For the low side, you only need a single FET as it will only see short spikes of current, which aren't enough to heat it up significantly.

My electronics schooling ended with a 555 timer lol. The things that have come out with since is pretty amazing.

That shouldn't be an issue, these things are pretty cheap at that.

Yeah, it's amazing how powerful those tiny FETs have become!

I was using a design using BTS7970s. They had 100k in stock when I designed and tested it. Worked great. Next month, no parts.

Having to start from scratch trying to find things in stock.

Just so you have an idea of what I am doing. The motor will have two sensors on it. The motor has built in gearing so it really does have that much rpm. Once a signal is sent to the micro, the shaft will move half a rotation, hit a sensor that will trigger the stop. It just repeats from there. I will eventually like to make the motor reversible at some point. I really would like to make a robot lawn mower lol.

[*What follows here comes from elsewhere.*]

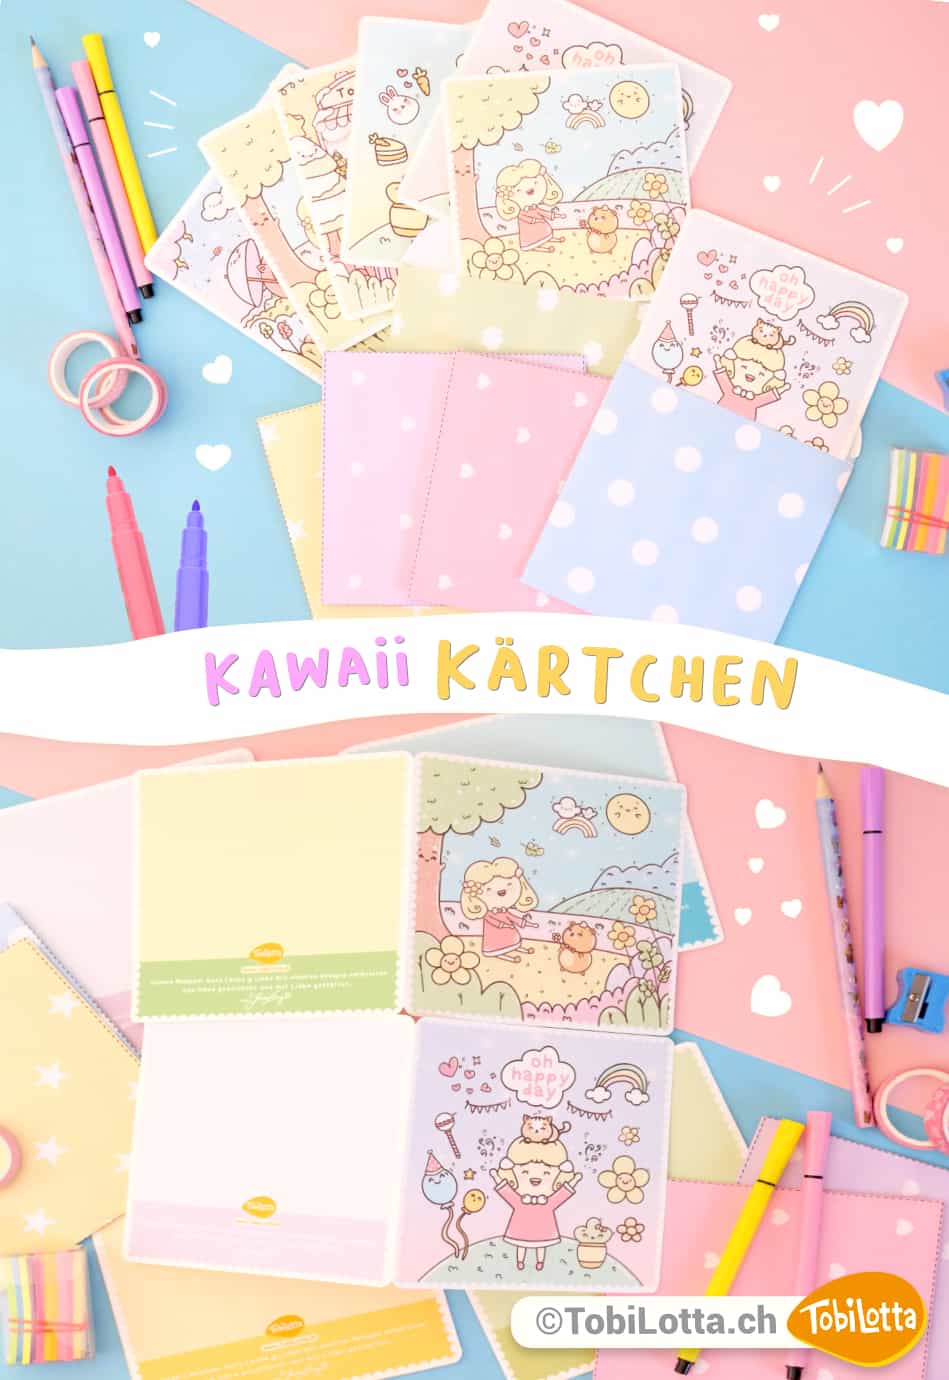 Kawaii-glückwunschkarten-kaufen-herunterladen-ideen-basteln-zeichnen-zeichnung-Glückwunschkarten-sticker-selbermachen-basteln-vorlage-zum-ausdrucken-diy

That should have said it really doesn't have that much rpm.

You should be able to just solder the BTN8982 onto the PCB instead of the BTS7970 without any changes.

Oh wow, it has been a bit since I have checked. I have been busy trying to do this along with some programming (which is what I mostly do). My degree is in software programming, then I went to embedded programming which led me to say, hey, lets just make things when I want them instead of buying them....

I also learned programming first before I started tinkering with electronics! :)

Okay, I appreciate the help and the conversation. Hopefully we will cross paths again.

No problem. Good luck with your motor driver!